Ready or not, AI is changing the workplace

empty-desks

Artificial intelligence (AI) slowly has been taking jobs from humans over the past few years, but AI soon will begin to create more jobs than it eliminates, according to tech research firm Gartner.

“Starting in 2020, AI-related job creation will cross into positive territory, reaching two million net-new jobs in 2025,” Gartner predicts. The firm said the impact of AI on employment will vary by industry, with healthcare, education, and the public sectors experiencing the strongest demand for workers, and the manufacturing industry sustaining the greatest loss of jobs.

“Many significant innovations in the past have been associated with a transition period of temporary job loss, followed by recovery, then business transformation and AI will likely follow this route,” Svetlana Sicular, research vice president at Gartner, said in a statement.

The challenge for enterprises is to proactively prepare for the changes caused by implementation of AI technologies. That means anticipating 1) which jobs will be lost and created due to AI, and 2) how AI will change processes, operations, decision-making, and collaboration.

“Now is the time to really impact your long-term AI direction,” Sicular said. “For the greatest value, focus on augmenting people with AI. Enrich people’s jobs, reimagine old tasks and create new industries. Transform your culture to make it rapidly adaptable to AI-related opportunities or threats.”

Just “transform your culture.” She makes it all sound so easy! Nonetheless, the reality is that enterprises who fail to develop an AI/workforce strategy will fall behind competitors that embrace and carefully integrate AI into their business, just as enterprise mobile and internet laggards lost ground to their more prescient and nimble rivals.

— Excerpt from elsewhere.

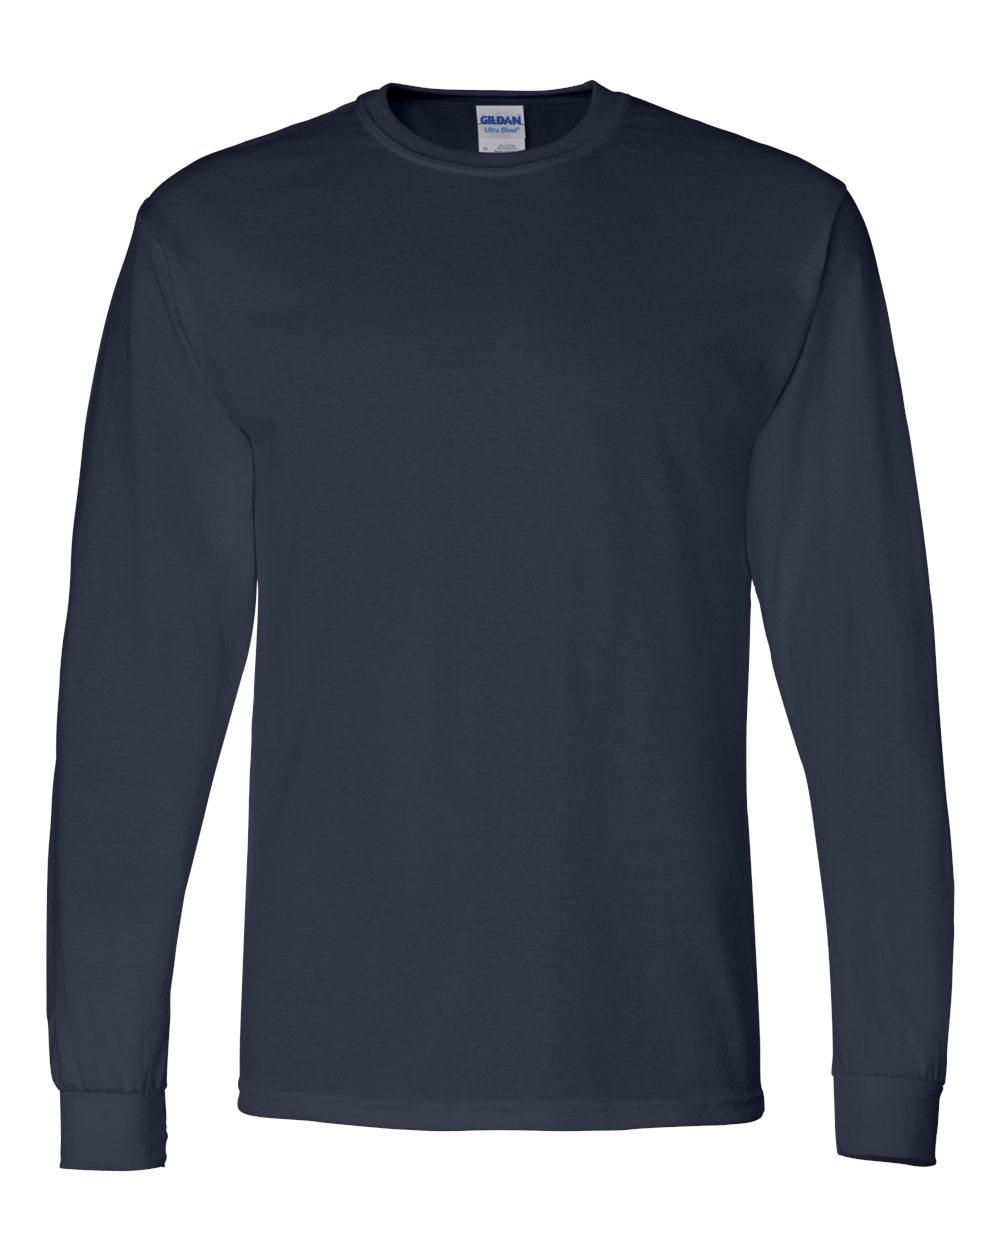 Gildan-Mens-Blank-DryBlend-50-50-Cotton-Long-Sleeve-T-Shirt-8400-up-to-3XL miniature 27
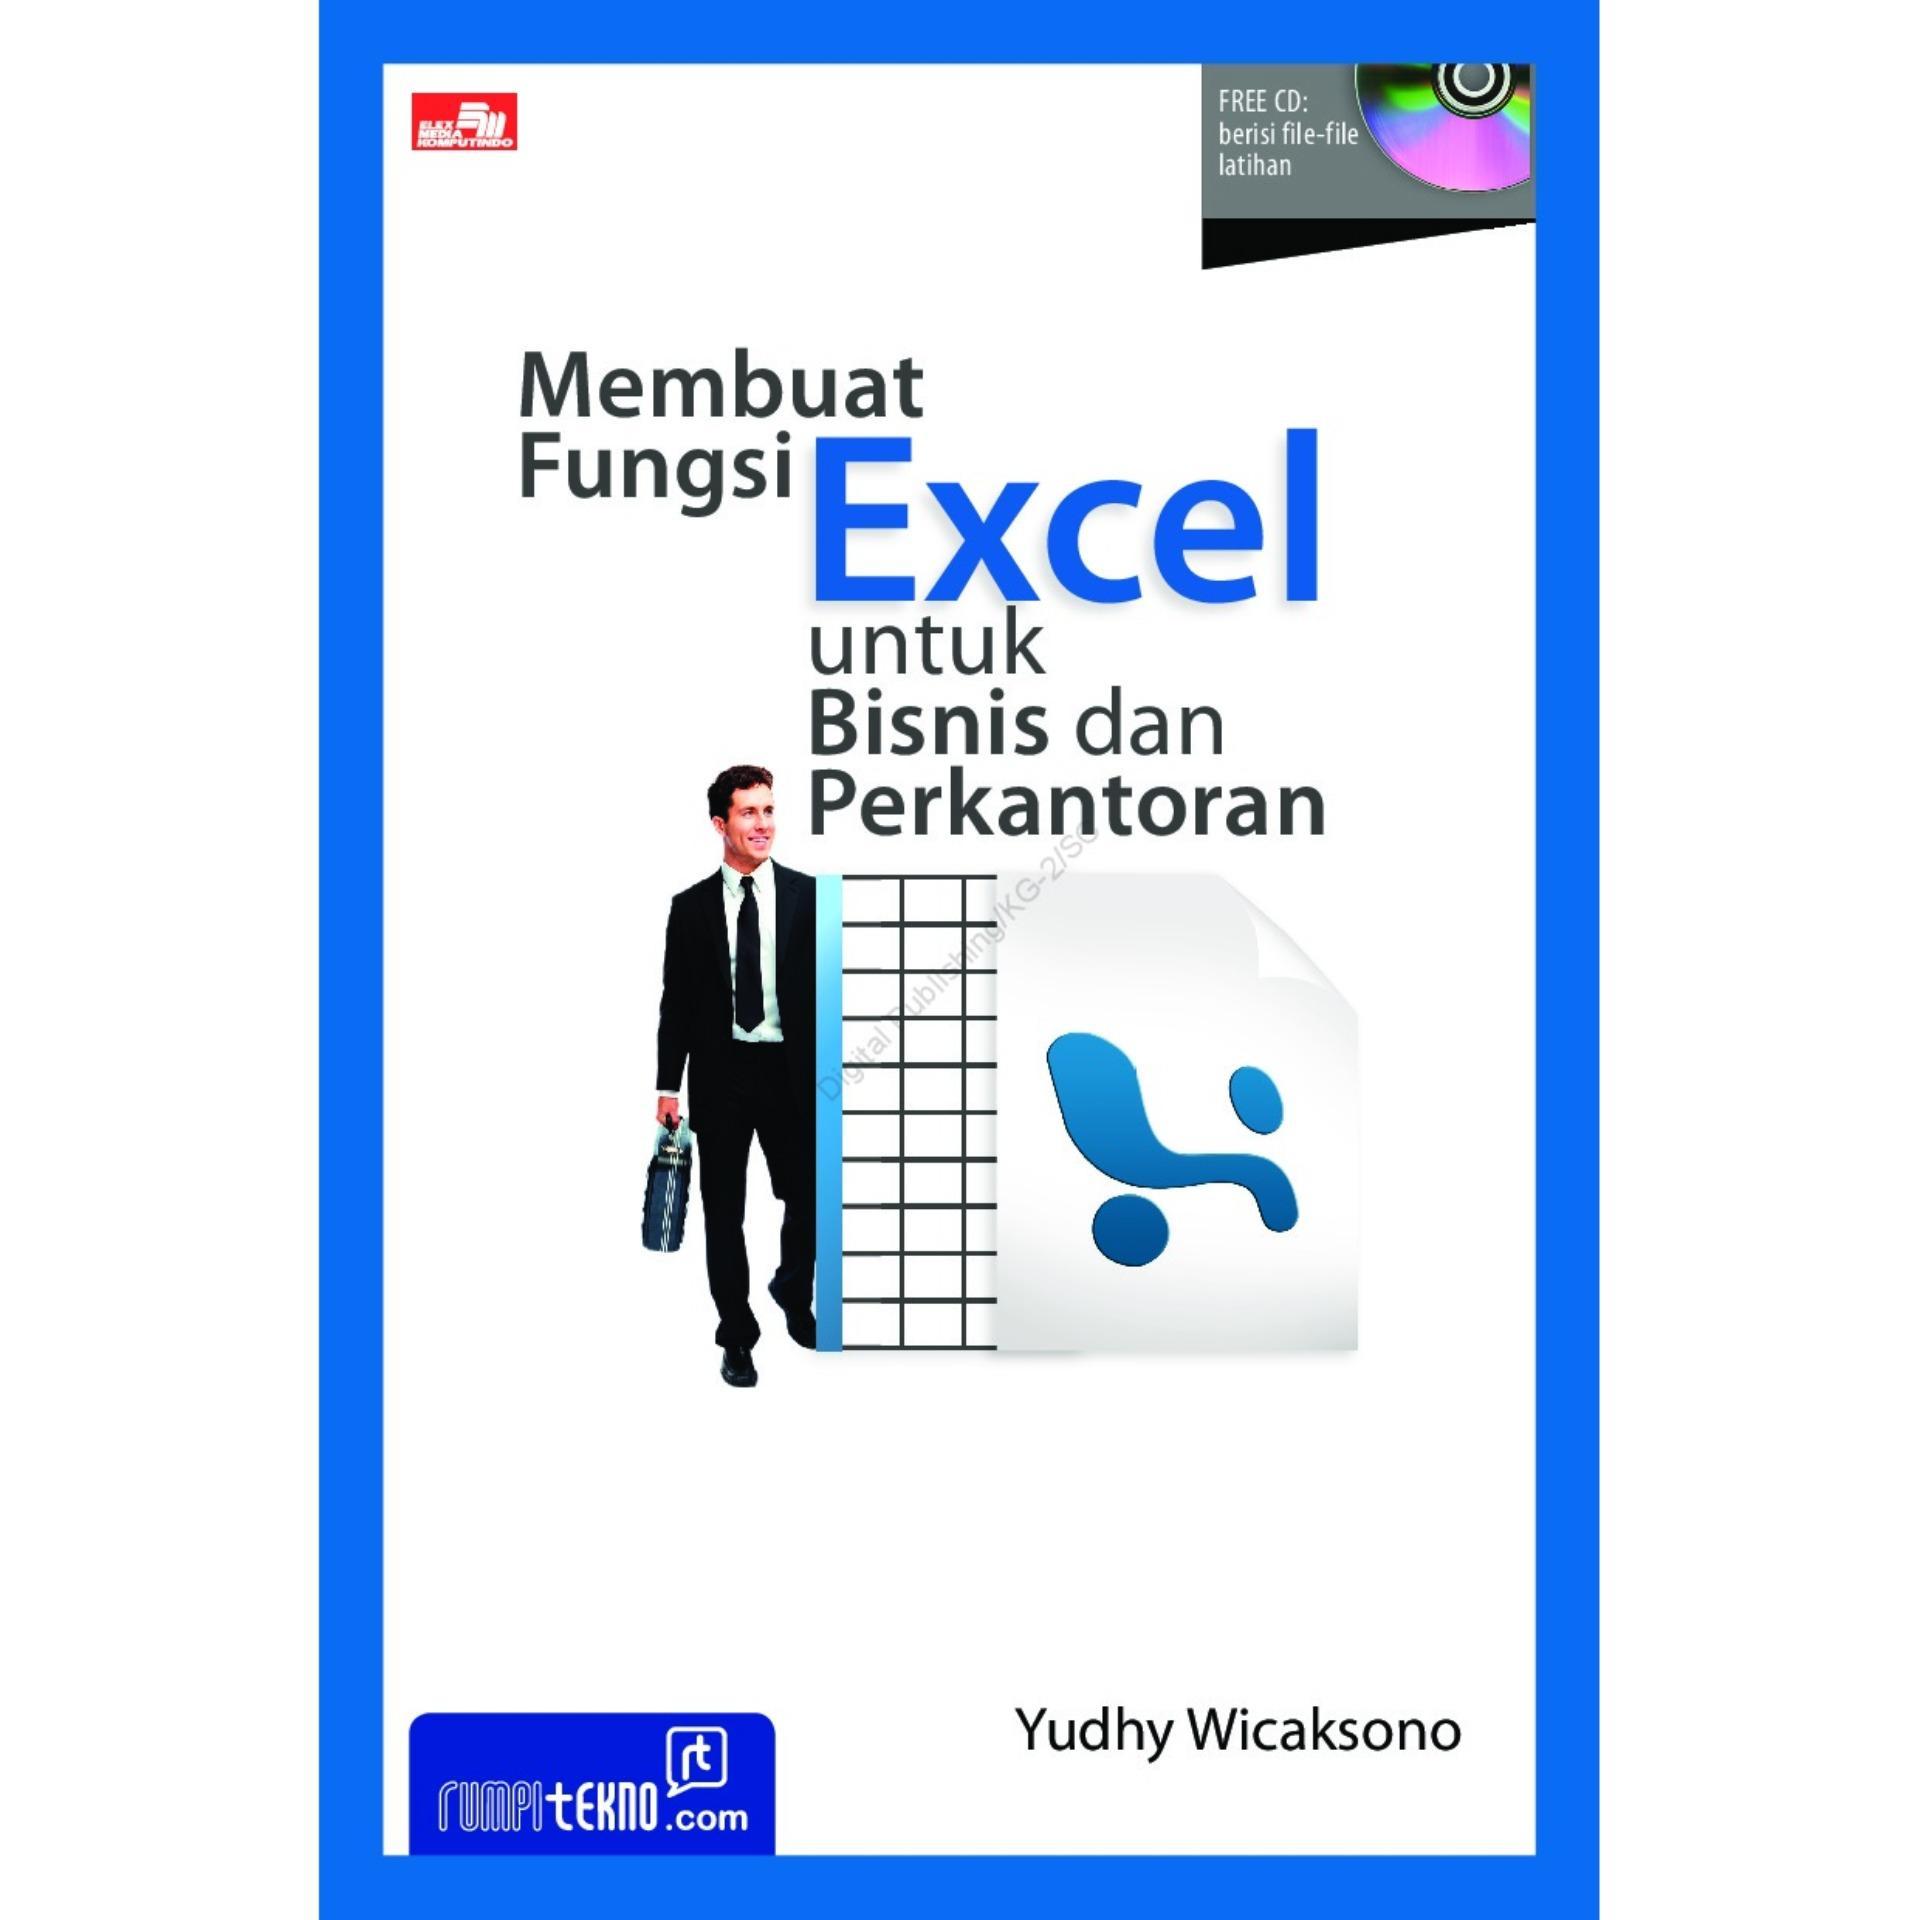 Membuat Fungsi Excel Untuk Bisnis Dan Perkantoran By Serba Serbi.

For enterprise employees, the AI challenge is more personal (if less complex): How do you demonstrate value to your employer in the event that part or all of your job ends up being parceled out to AI-powered technology that can figure things out, make decisions, and take action, but never take sick days?

Advice runs the gamut from the general (get creative) to the specific (learn next-level technology, build a personal brand, develop emotional intelligence). Sadly, most advice about surviving technology-driven workplace disruption (including my own) sounds logical, but it’s also facile. Let’s face it, maintaining your relevance in the AI and automated work world likely will be far easier for some people (knowledge workers, entrepreneurial types) than others (manual laborers and unskilled workers). That being said, even highly skilled knowledge workers in narrow fields, such as stock traders and data analysts, can be replaced by algorithms.

There are no easy answers for workers whose jobs will be totally or partially displaced by AI and automated technologies, but there are two certainties: 1) AI is going to create massive disruption across a number of industries; in fact, it’s already begun, and 2) Enterprises and workers ignore this reality at their own peril. Anticipate and prepare.